Despite tougher obligations, “mismanaged” corporate security has left billions of identity records exposed

More than 3 billion identity records were found spread across visible and underground online sources during 2017, according to new research that lends further weight to suspicions that protection of personally identifiable information (PII) is proving tremendously ineffective in the face of thriving demand from online cybercriminals.

The records – which were located by security firm 4iQ during a search by automated crawlers across openly available online web, social-media, underground, black markets and dark-web destinations – were plucked from more than 8.7 billion raw data records and represent a more than 64 percent increase compared with the same exercise in 2016.

Those records were sourced from 2940 breaches curated from the spoils of 3525 raw breaches – including 188,916 unsecured FTP servers containing 2.1 billion documents – and 56 percent of these breaches were classified as “accidental”.
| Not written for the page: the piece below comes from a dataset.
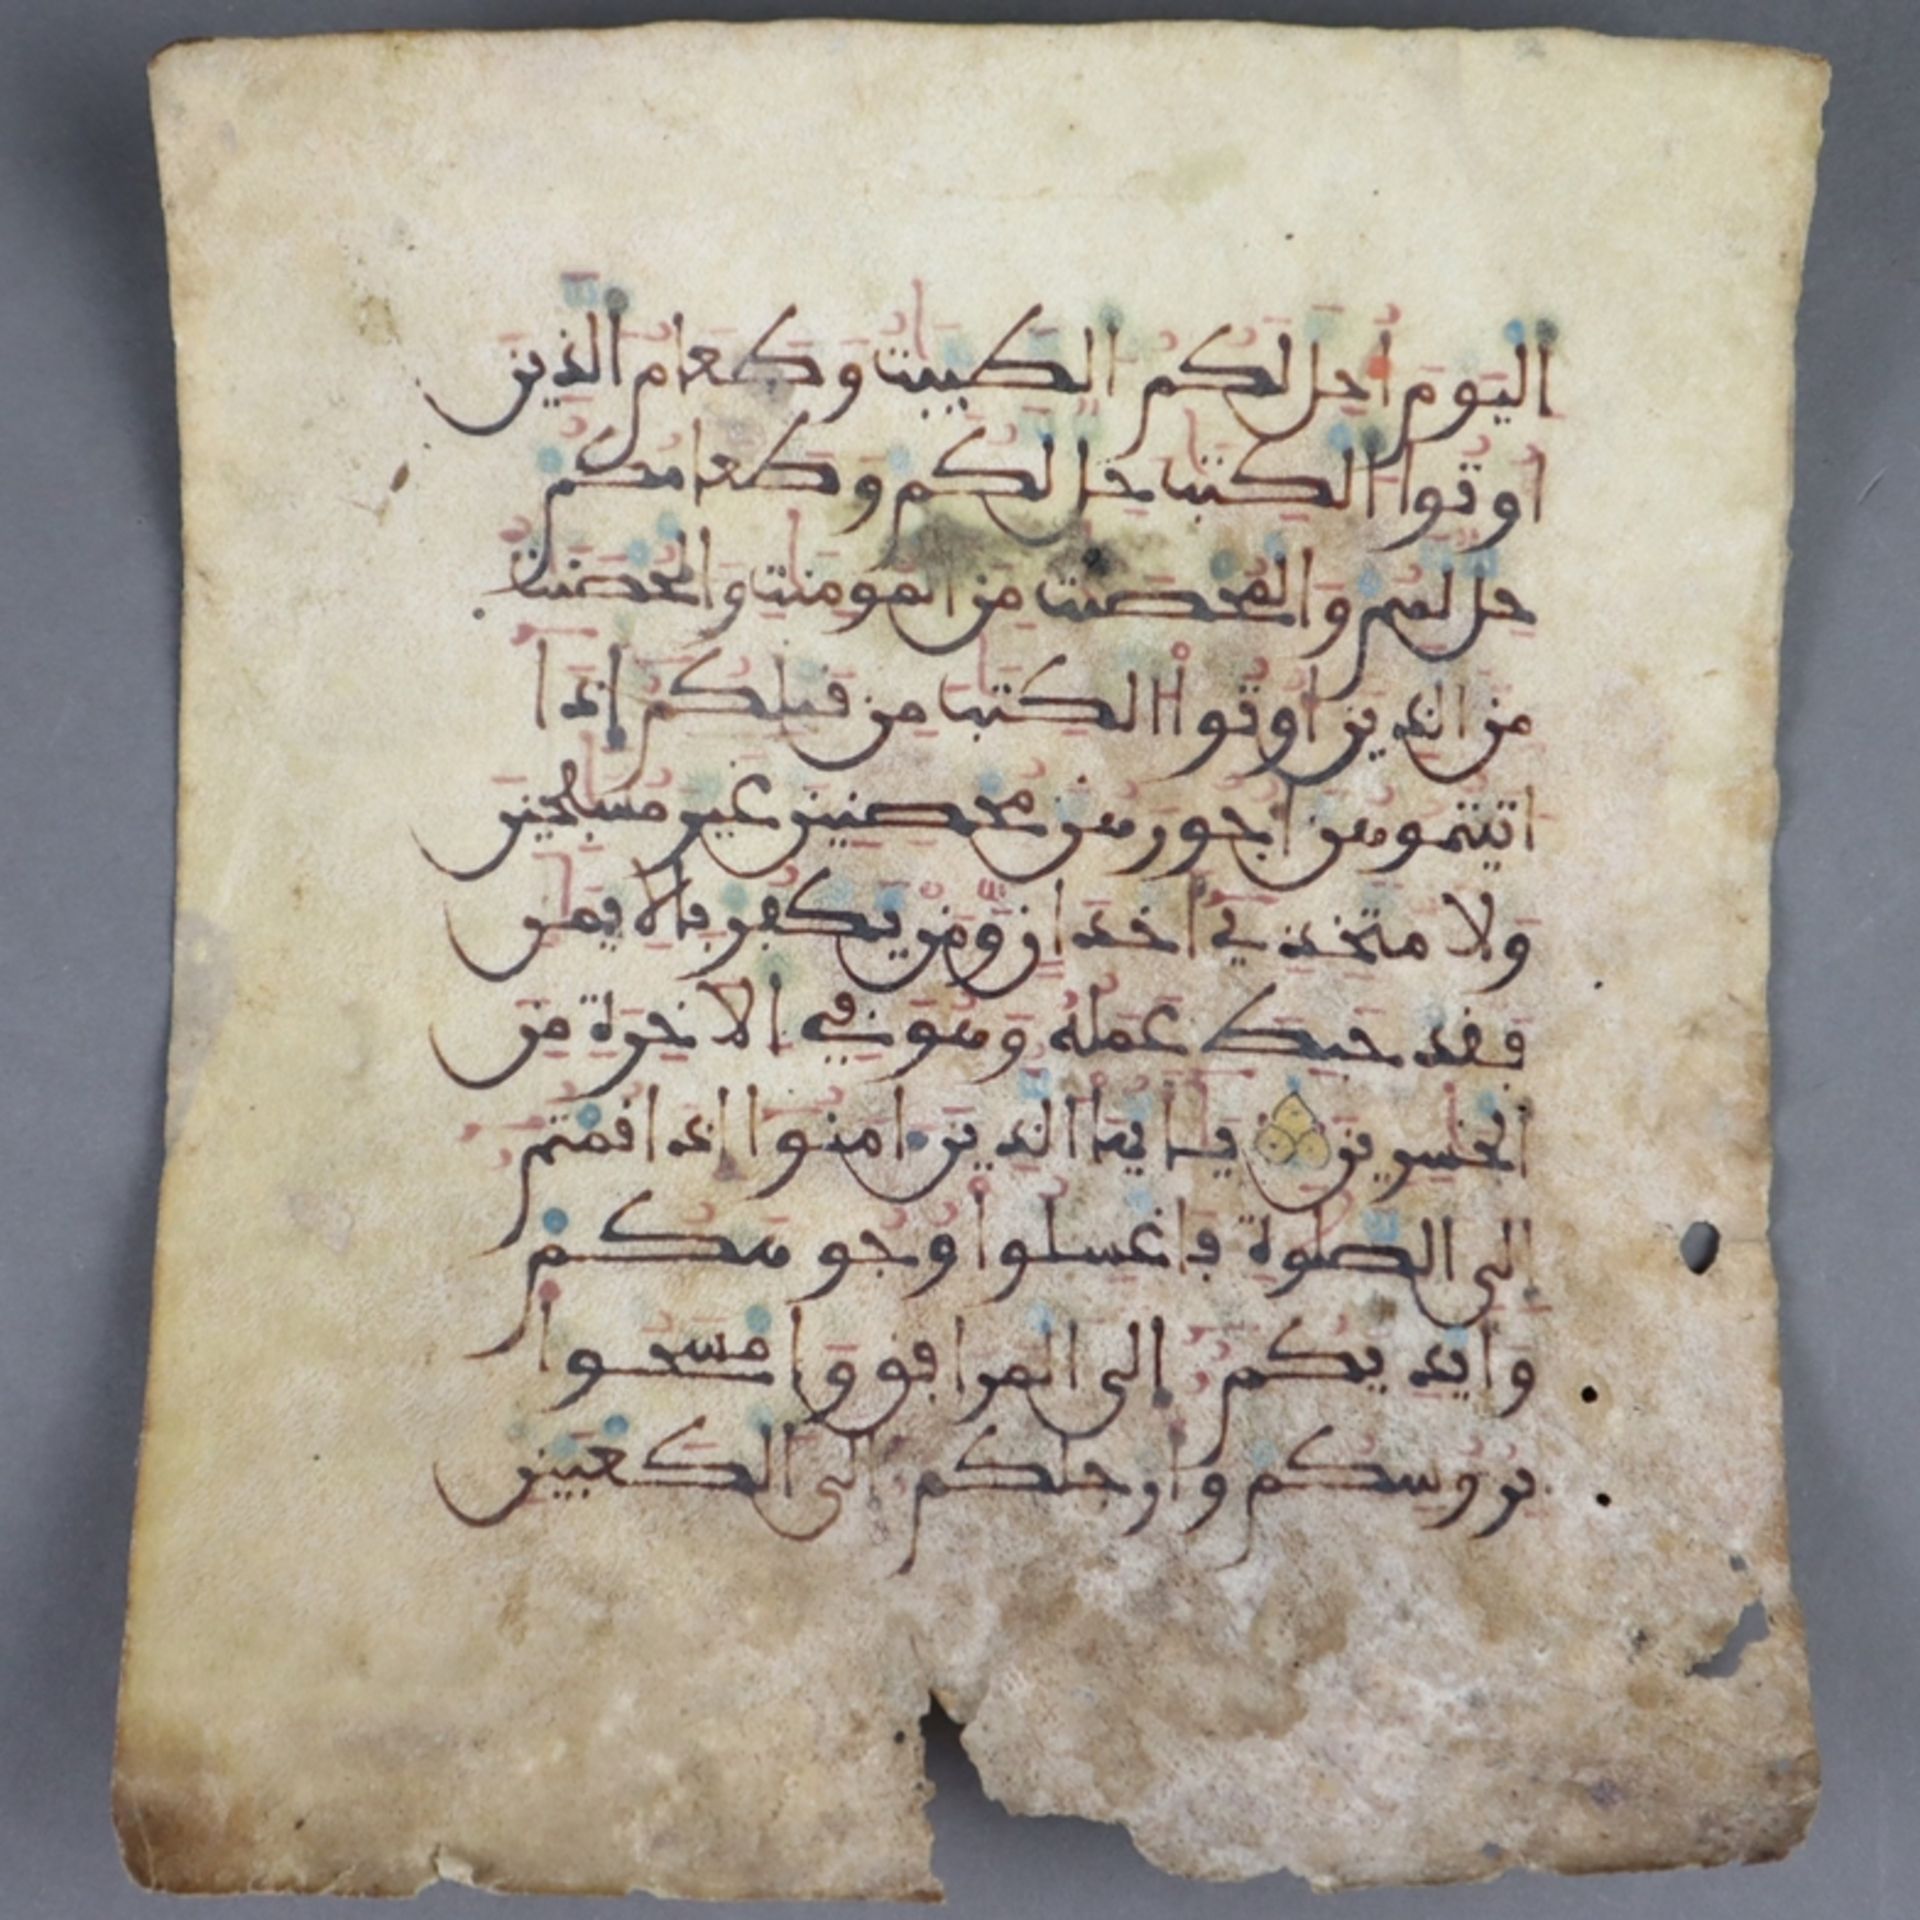 Koranseite - Suren in kaligrafischer Schrift auf Pergamentrolle (Rehhaut?), bei

Fully 72 percent of the discovered records contained emails and passwords, while 40 percent included PII attributes. Some 1.9 percent of the discovered breaches were found in Oceania, of which Australia comprised 70 percent of the discovered data.

The volume of raw data records discovered by the team increased by 182 percent compared with the previous year, with the firm’s analysis warning that the surge was created due to the growing size and number of breaches – as well as accidental lapses “that result in data being openly accessible to third parties.”